Revision as of 16:47, 14 December 2007

Assessment | Biopsychology | Comparative | Cognitive | Developmental | Language | Individual differences | Personality | Philosophy | Social |
Methods | Statistics | Clinical | Educational | Industrial | Professional items | World psychology |

Language: Linguistics · Semiotics · Speech


Speech perception refers to the processes by which humans are able to interpret and understand the sounds used in language. The study of speech perception is closely linked to the fields of phonetics and phonology in linguistics and cognitive psychology and perception in psychology. Research in speech perception seeks to understand how human listeners recognize speech sounds and use this information to understand spoken language. Speech research has applications in building computer systems that can recognize speech, as well as improving speech recognition for hearing- and language-impaired listeners.

Basics of speech perception

The process of perceiving speech begins at the level of the sound signal and the process of audition. (For a complete description of the process of audition see Hearing.) After processing the initial auditory signal, speech sounds are further processed to extract acoustic cues and phonetic information.
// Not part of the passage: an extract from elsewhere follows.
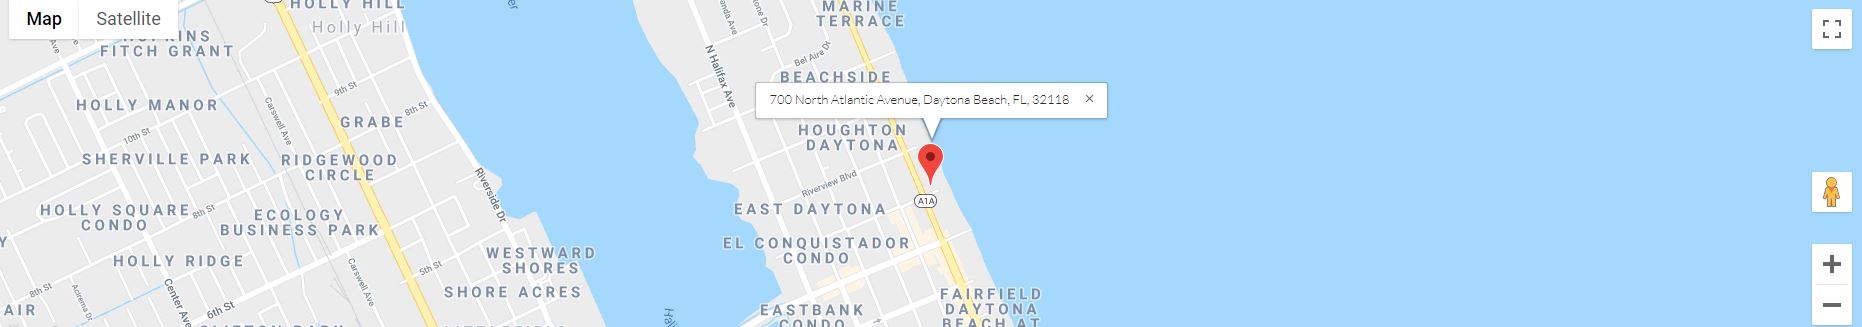 map with pin on 700 N Atlantic Ave, Daytona Beach, FL 32118

This speech information can then be used for higher-level language processes, such as word recognition.

Acoustic cues

File:Spectrograms of syllables dee dah doo.png

Figure 1: Spectrograms of syllables "dee" (top), "dah" (middle), and "doo" (bottom) showing how the onset formant transitions that define perceptually the consonant [d] differ depending on the identity of the following vowel. (Formants are highlighted by red dotted lines; transitions are the bending beginnings of the formant trajectories.)

The speech sound signal contains a number of acoustic cues that are used in speech perception. The cues differentiate speech sounds belonging to different phonetic categories. For example, one of the most studied cues in speech is voice onset time or VOT. VOT is a primary cue signaling the difference between voiced and voiceless stop consonants, such as "b" and "p". Other cues differentiate sounds that are produced at different places of articulation or manners of articulation. The speech system must also combine these cues to determine the category of a specific speech sound. This is often thought of in terms of abstract representations of phonemes. These representations can then be combined for use in word recognition and other language processes.

It is not easy to identify what acoustic cues listeners are sensitive to when perceiving a particular speech sound:

At first glance, the solution to the problem of how we perceive speech seems deceptively simple. If one could identify stretches of the acoustic waveform that correspond to units of perception, then the path from sound to meaning would be clear. However, this correspondence or mapping has proven extremely difficult to find, even after some forty-five years of research on the problem.[1]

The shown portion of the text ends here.